Printable Version
Pronunciation: de-prê-dayt Hear it!

Part of Speech: Verb

Meaning: To prey on, plunder, ransack, ravage, lay waste.

Notes: Today's word, which has nothing to do with predating, has an abundant family. The personal noun, depredator [de-prê-day-dêr], has the accent on the same syllable. However, in the action noun depredation [de-prê-day-shên], and in the adjective depredatory [di-pred-ê-tor-ri], it changes syllables.
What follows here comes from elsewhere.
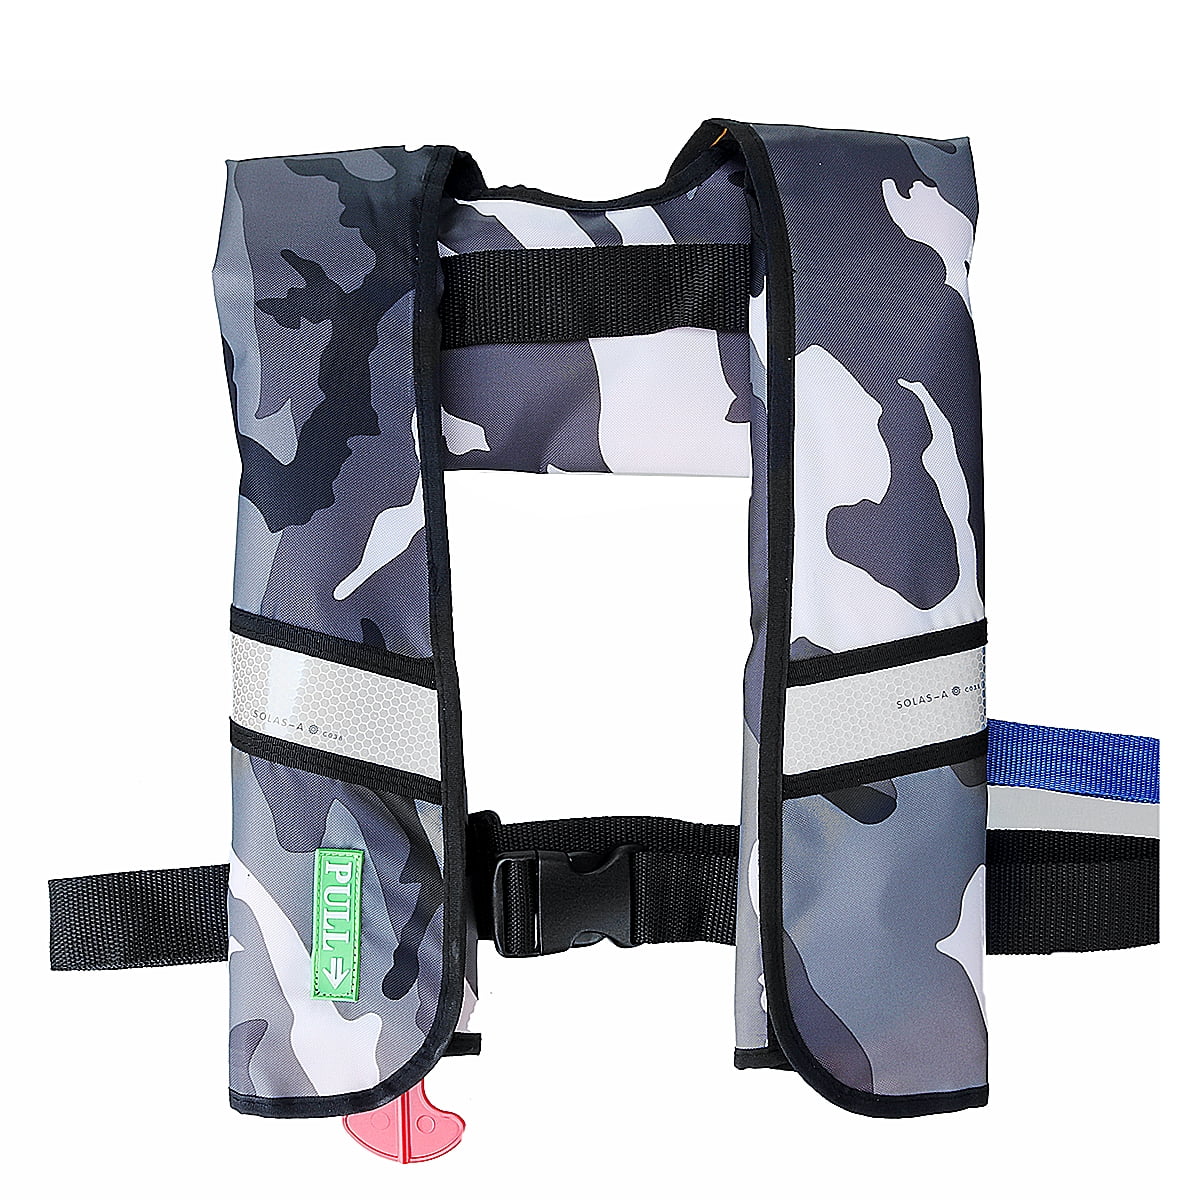 LOT-2-Automatic-Manuel-Life-Jacket-Vest-Auto-Inflatable-PFD-Survival-Flotation

Don't confuse today's word with deprecate.

In Play: This verb originally referred to predatory actions: "Tigers and leopard depredate villagers in the winter." However, the sense of this word has expanded since it entered English in the 17th century: "Tornadoes depredate wide and, sometimes, long swathes of inhabited areas." We might even try a figurative use: "Lucinda Head depredated the meeting with her verbal bullying about makeup and fashion."

Word History: Today's Good Word was sneaked away from Latin depraedatus, the past participle of depraedare "to pillage, ravage", made up of de- "from, thoroughly" + praedari "to plunder, prey on", a verb based on praeda "prey, booty, spoils". English prey was all that was left of praeda when Old French finished with it (Old French preie). Latin inherited its word from a prefixed form of PIE ghe(n)d- "to grab, seize" with a Fickle N. The N is present in Albanian gjen "finds", Latin prehendere "to catch", and Welsh gynnal, cynnal "to hold, maintain". Without the N we find Russian zagadka "riddle", English get and guess (from get-s), and Lithuanian godus "greedy, avid". (Now a bow to active Agoran Eileen Opiolka, who recommended today's almost forgotten Good Word for our enjoyment.)